Brexit: There continues to be a dearth of anything approaching what might be called a substantive development. But there are signs of what the tone of “final” negotiation into the revised October 31st Brexit deadline will be.

First off, the Conservative Party’s leadership looks set to deliver Boris Johnson as the new prime minister. His lead over his one remaining rival, Jeremy Hunt, looks unassailable. The new leader will be announced on July 23rd. Boris is a staunch Brexiteer, favoring leaving the EU without a deal on divorcing terms or an outline of a future trading relationship, which would rule out any economic transition phase.

In the event, this would see the UK adopt a WTO tariff schedule and trading terms overnight, which would be an unprecedented move by a developed nation and would cause a substantial deterioration in the UK’s terms of trade position. The idea is that the UK would then be free to negotiate trade deals, though this process would take years.

Johnson has said that he doesn’t, in fact, want to leave without a deal, but is nonetheless serious about doing so if necessary, which is red meat to the Brexiteer political base. Recent polls have suggested that a new general election, with Boris as the Tory leader, would return the Conservatives with up to a 40 seat majority in Parliament.

A new general election looks like a strong possibility, as soon as September. The Tories are presently a weak governing entity, leading a minority government in a Parliament intent on halting a no-deal Brexit scenario (weakening the government’s negotiating position with Brussels, in the eyes of Brexiteers).

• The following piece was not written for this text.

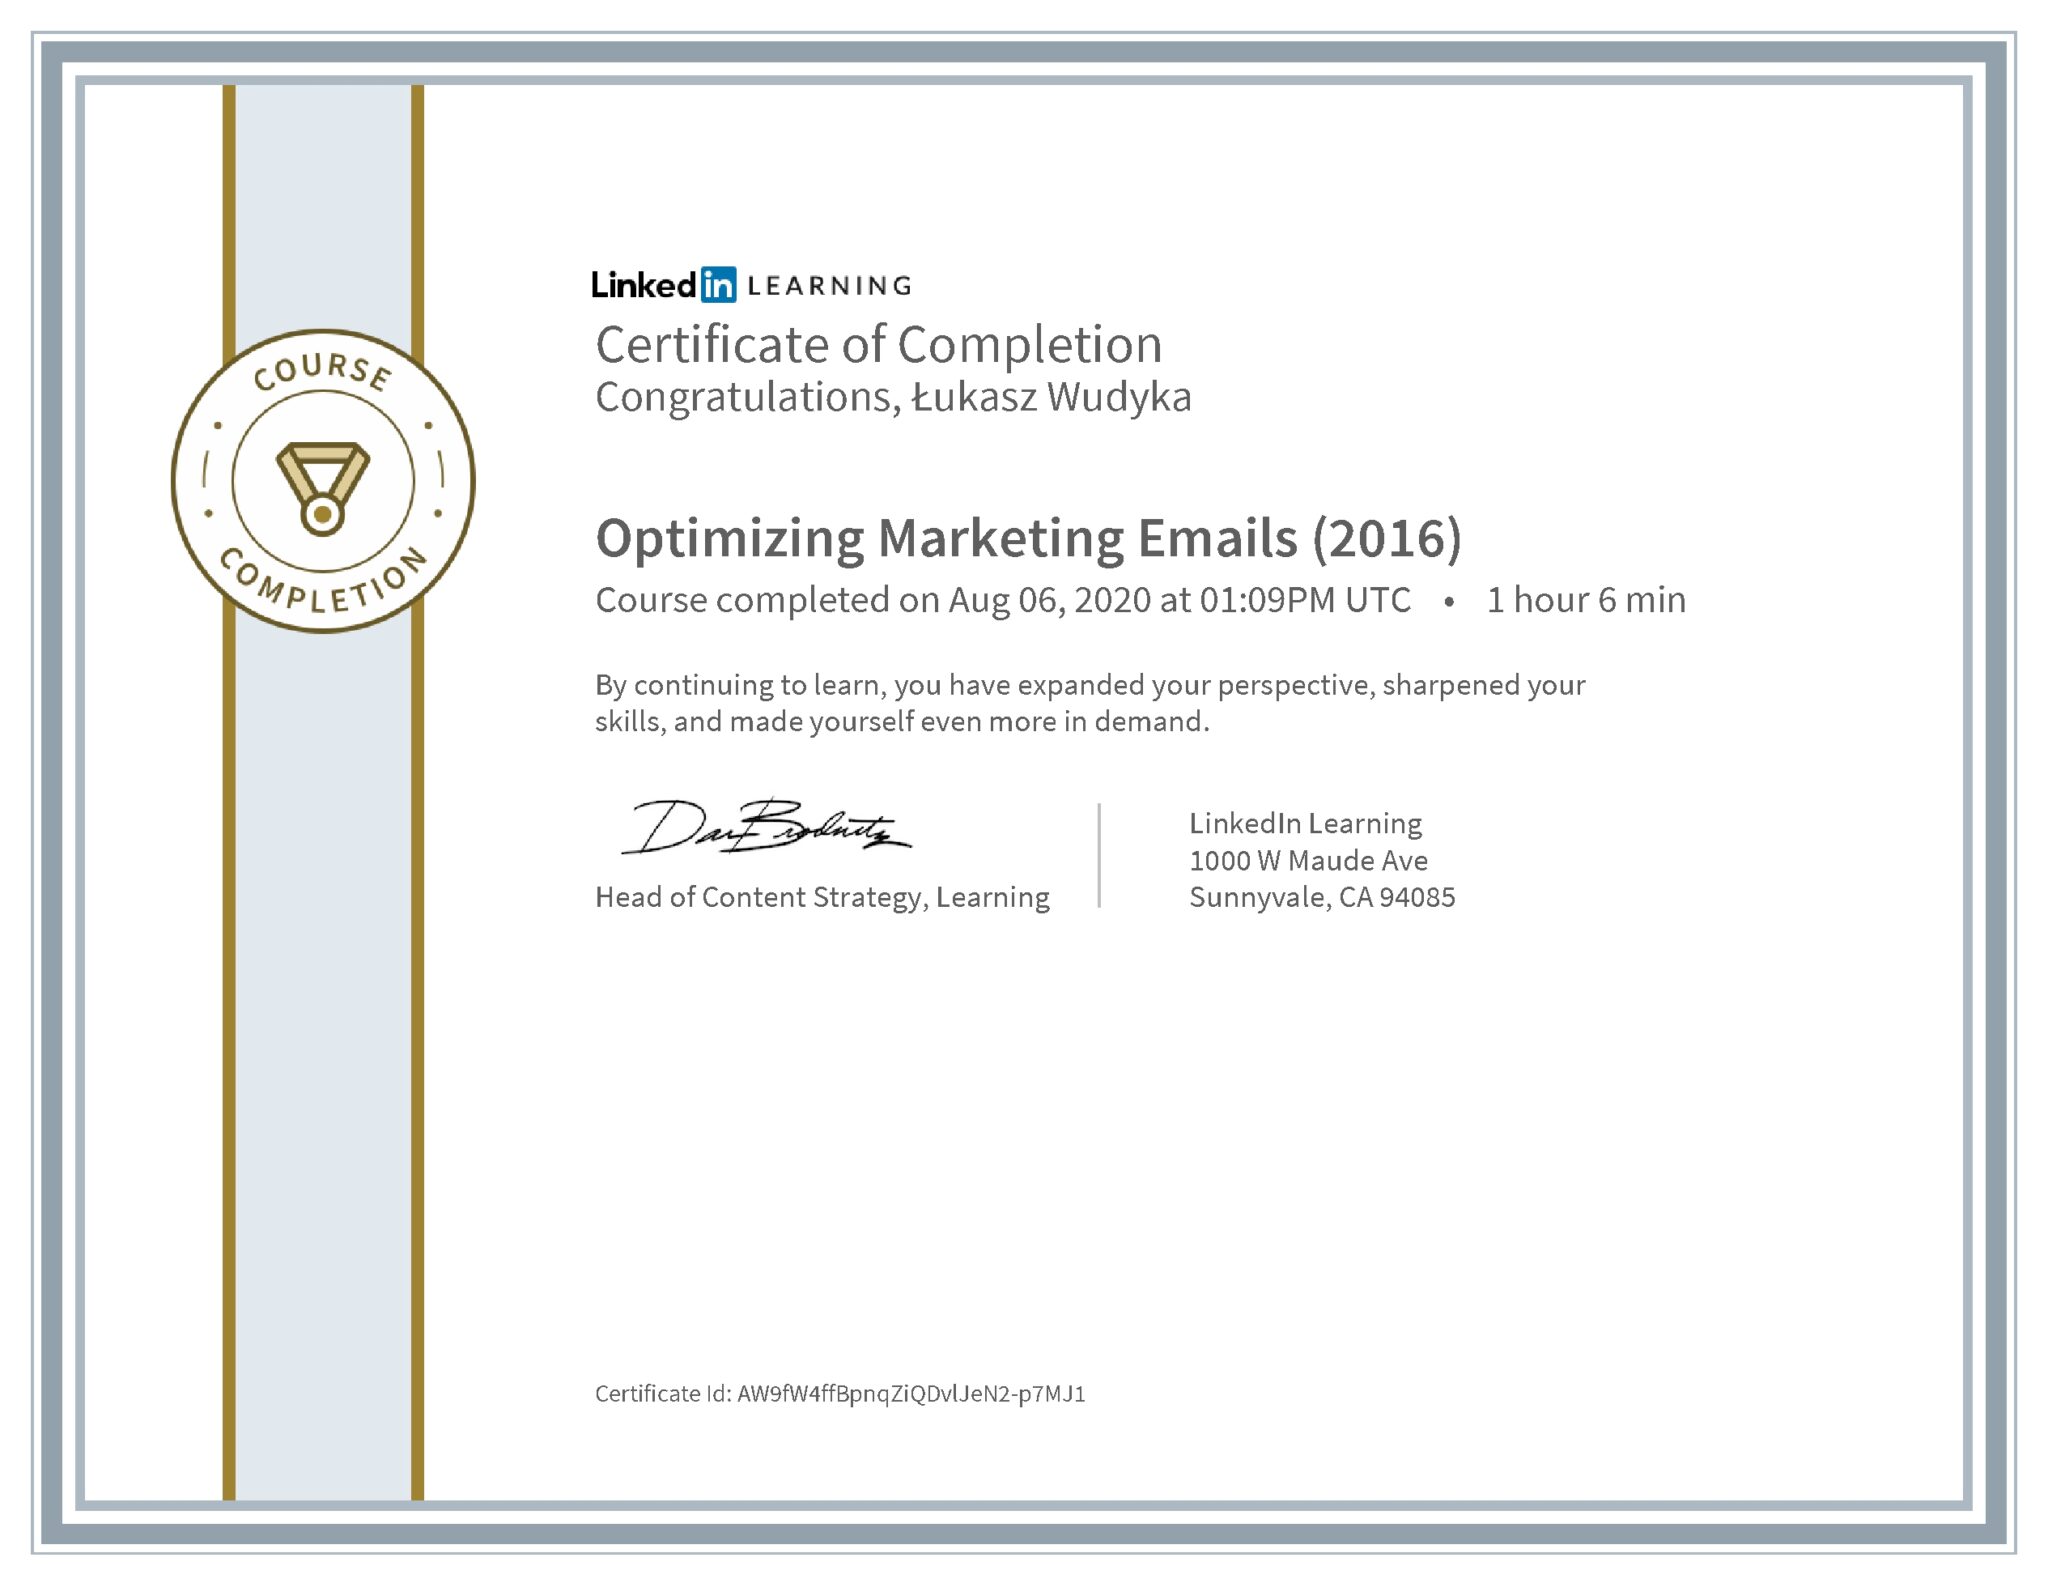 Łukasz Wudyka certyfikat LinkedIn Optimizing Marketing Emails (2016)

Given the polling, the new Prime Minister would surely be very tempted to resolve this by calling a new general election. This backdrop should keep the Pound under pressure.

Cable printed a fresh 6-month low at 1.2455, which matches the 15-month low, while EURGBP printed a 6-month peak seen at 0.8996. A 1.6% y/y contraction in the BRC retail sales figure for June today, which thwarted the consensus forecast for a 0.8% rise, is the latest in a series of underwhelming data out of the UK, providing fresh fuel for the pronounced declining motion the UK currency has been seeing since early May. EURGBP has now made this the eighth week out of the last nine where a new higher high has been set.